Abito in una città di mare, città che sembra andare in letargo tutti gli inverni nell’attesa dei primi tedeschi in pantaloncini troppo corti e ciabatte con calzini di troppo, che fanno colazione e concludono pranzo, merenda e cena con un buon cappuccino originale made in italy.
Ma questo è un altro paio di maniche, non calzini, fortunatamente.

Ad ogni modo, ho cominciato piuttosto piccolo questi corsi di vela e, ovviamente, ero nella categoria OPTIMIST, gli optimist quelle simpatiche barchette con la vela trapezoidale e lo scafo indiscutibilmente a forma di vasca da bagno, detto anche “scafo da bagno”, tipicamente rettangolare con chiglia piatta, prendono il nome di barca solo ed esclusivamente perchè, grazie al miracoloso principio di Archimede, non hanno la tendenza ad affondare… ma solo perché questa legge non prevede il ribaltamento (scuffiata, in termine tecnico), altrimenti sarebbero definite come “quei cosi con la Q stampata sulla vela.

CONTRIBUTO DI ITOMI
http://it.wikipedia.org/wiki/Barca_a_vela
http://it.wikipedia.org/wiki/Optimist

Non ho mai amato l’agonismo, ho sempre fatto vela per il puro piacere di guidare un mezzo di trasporto che non facesse dei metri in base al numero di pedalate prodotte dalle mie gambe ed era questa la cosa che piu’ mi affascinava: “sto guidando un veicolo che va senza che io muova circolarmente un paio dei miei arti”.

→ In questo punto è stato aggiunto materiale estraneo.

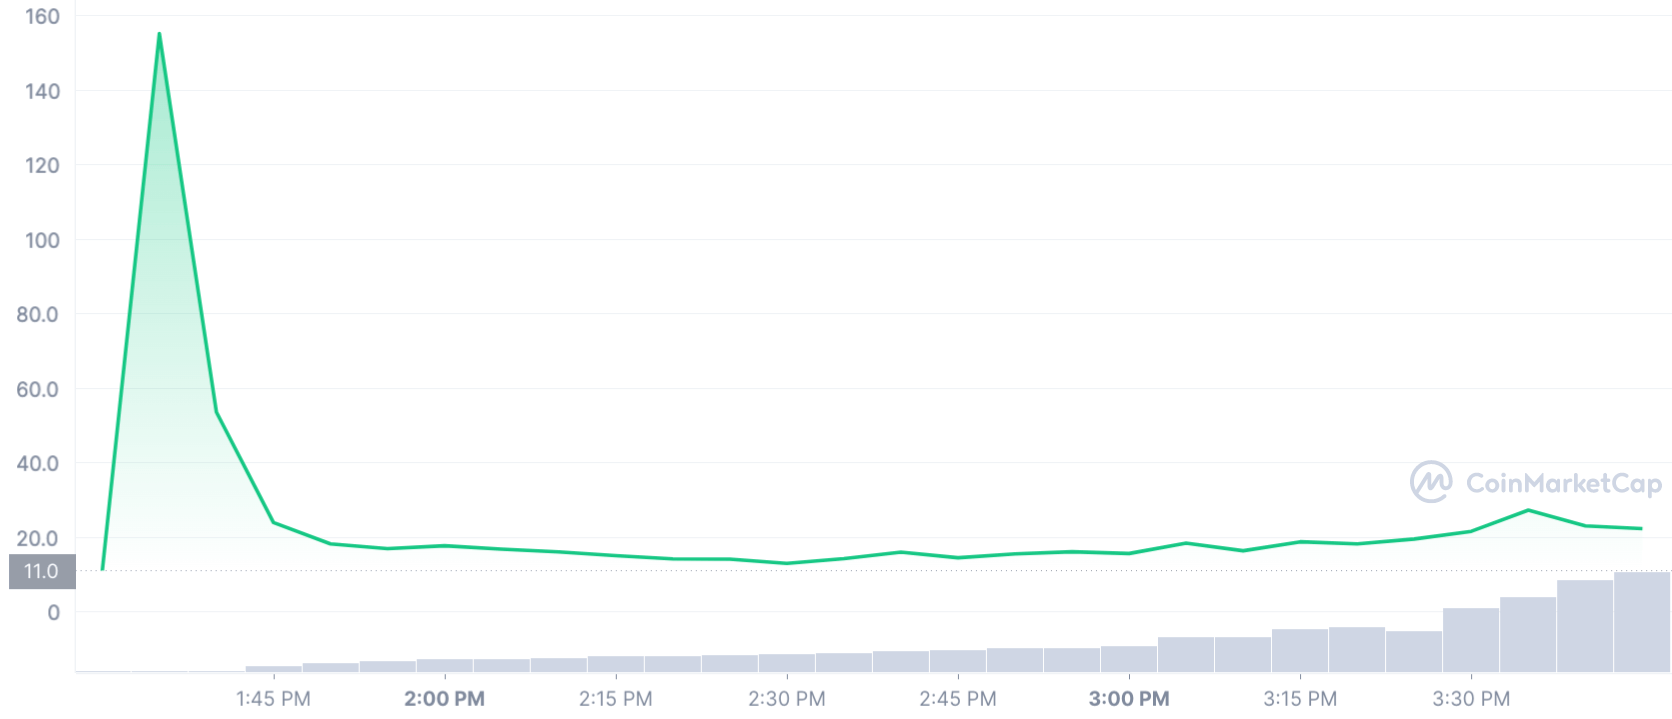 Graphique de Moonbeam à USD sur 24 heures (CoinMarketCap)

Occhio al “palloncino” tra l’albero e la randa (vela) e via andare di bolina, lasco, poppa, traverso, le 4 andature della vela.

Finché, un bel giorno, non dovetti fare i conti con la mia prima inevitabile regata.

CONTRIBUTO DI ITOMI
http://it.wikipedia.org/wiki/Regata

Desideravo troppo un optimist tutto mio, quel senso del possesso, che fu prealessandrino, e molto forte nell’infanzia (“mio mio mio”), non mi dava scampo, ma la frase di mio padre “ma perche’ non ti sei scelto uno sport meno ingombrante?” lasciava intuire che mai nella vita avrebbe speso 500.000 lire (parliamo degli anni ’80) per una vasca da bagno che fosse solo mia e non presa in prestito dal circolo velico, enfatizzando il tutto con un conciso “tanto tra un po’ ti stufi anche di questo sport, sarebbero soldi buttati via”.
Ok, grazie per la fiducia.

Così eccomi lì, sul sedile posteriore della Talbot Solara marrone metallizzato di mio padre, a fissare il paesaggio in movimento, fantasticando su come avrei chiamato una barca tutta mia e con una quintalata di peso morale sullo stomaco, sentendolo lamentarsi per l’aver caricato la barca sul portapacchi e dover fare non so quanti kilometri per portarmi alla mia prima regata che avrei sicuramente perso.
Ma, tutto sommato e’ meglio cosi’, meglio di quei padri agonisticamente frustrati che riversano sui propri figli tutte le aspettative competitive, esortandoli, stressandoli, terrorizzandoli nell’eventualita’ di un fallimento.
Io non ero terrorizzato dal fallimento, io ero fallito in partenza.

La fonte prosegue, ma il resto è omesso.